The same shape as the relevance golden set, but the labels are richer.

question_id,question,expected_answer,expected_citations,must_refuse,notes
qa-0001,"Why does my MacBook Air battery drain overnight?","Firmware 3.2 fixes it","uid-case-42; uid-case-77",false,"flagship case"
qa-0002,"What's the fix for error 0x80004005?","Reinstall the driver","uid-kb-12",false,""
qa-0003,"What's the latest stock price of AAPL?","","",true,"off-domain, should refuse"
qa-0004,"How do I cancel my subscription?","See the billing section","uid-kb-44",false,""
Column Meaning
question The user's question.
expected_answer The factual core. Use short paraphrases — not exact strings.
expected_citations UIDs that the answer should cite.
must_refuse true if the system should decline (off-domain, not in corpus).
notes Why this question is in the set.

Aim for 60–100 questions, weighted toward:

  • common user questions (volume in support logs);
  • known hallucination triggers (questions that drift outside the corpus);
  • adjacent questions whose answers exist in nearby but-not-exact sources;
  • refusal cases (off-domain, missing data, sensitive).

Metrics

Faithfulness

The most important metric. For each answer:

  1. Decompose the answer into atomic claims.
  2. For each claim, check whether any cited source contains it (verbatim or paraphrased).
  3. Faithfulness = supported_claims / total_claims.

Two ways to compute:

Approach Pros Cons
Human label Most accurate. Slow. ~3 minutes per answer.
LLM judge Fast. Cheap. Biased; same-model judges over-credit.

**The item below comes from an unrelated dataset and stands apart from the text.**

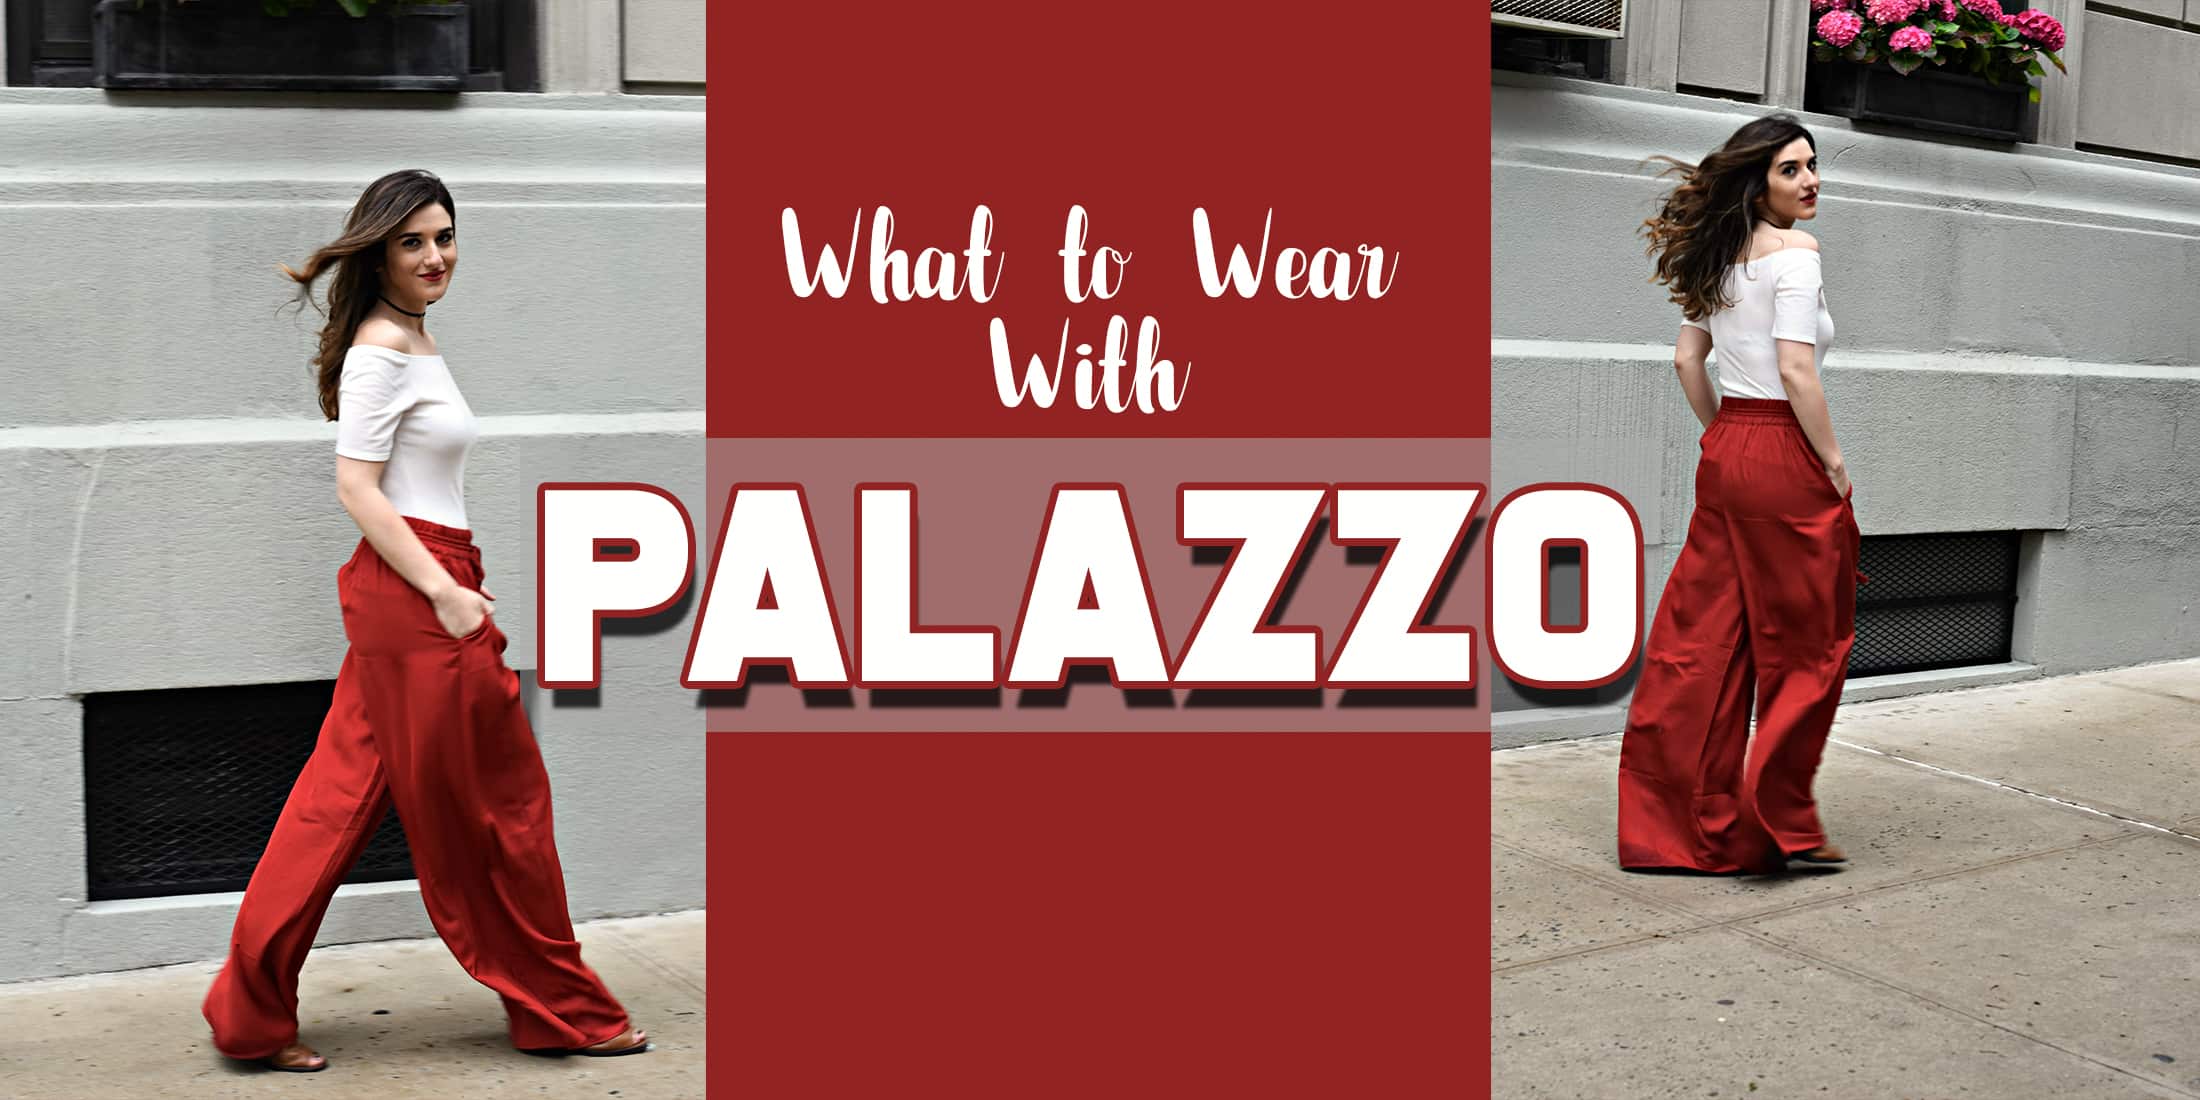 Most fashionable ways to wear palazzo pants

LLM-as-judge is good enough for trend tracking; human labels are good enough for go/no-go.

Coverage

coverage = |cited_in_answer ∩ retrieved| / |retrieved_used|

Did the answer use the right sources, given what retrieval returned? Low coverage with high faithfulness means the model is ignoring relevant sources.

Citation correctness

Three checks, all binary:

  • Exists. Each cited UID resolves to a real node.
  • Reachable. The user who asked the question has permission to see each citation.
  • Supports. The cited node actually contains the claim it's anchored to.

Score: cit_correct = AND of the three, averaged over citations.

Refusal calibration

For questions labeled must_refuse:

  • Did the system refuse? (should_refuse_did = 1 if yes else 0)

For questions labeled must_refuse = false:

  • Did the system answer? (should_answer_did = 1 if yes else 0)

Calibration = mean of both. A perfectly calibrated system is 1.0; pathological hallucination is 0.5 (refuses sometimes, answers wrongly other times); pathological over-refusal is 0.0 if no must_refuse=true exists.

Hallucination risk

A composite signal worth tracking on its own.

hallucination_risk = 1 - (faithfulness × cit_correct)

A 5% hallucination risk on user-facing surfaces is roughly the threshold where users start to lose trust. Track it weekly; alert if it climbs.

A scoring rubric

For each Q&A pair, compute and store:

Field Type Notes
faithfulness float [0, 1] Supported claims / total claims.
coverage float [0, 1] Cited / retrieved-relevant.
citation_correct float [0, 1] Exists × reachable × supports.
refused bool Did the system decline to answer?
should_refuse bool Ground truth from the golden set.
latency_ms int End-to-end answer time.
tool_calls int How many endpoint calls during the loop.
hallucination_risk float [0, 1] 1 − faithfulness × citation_correct.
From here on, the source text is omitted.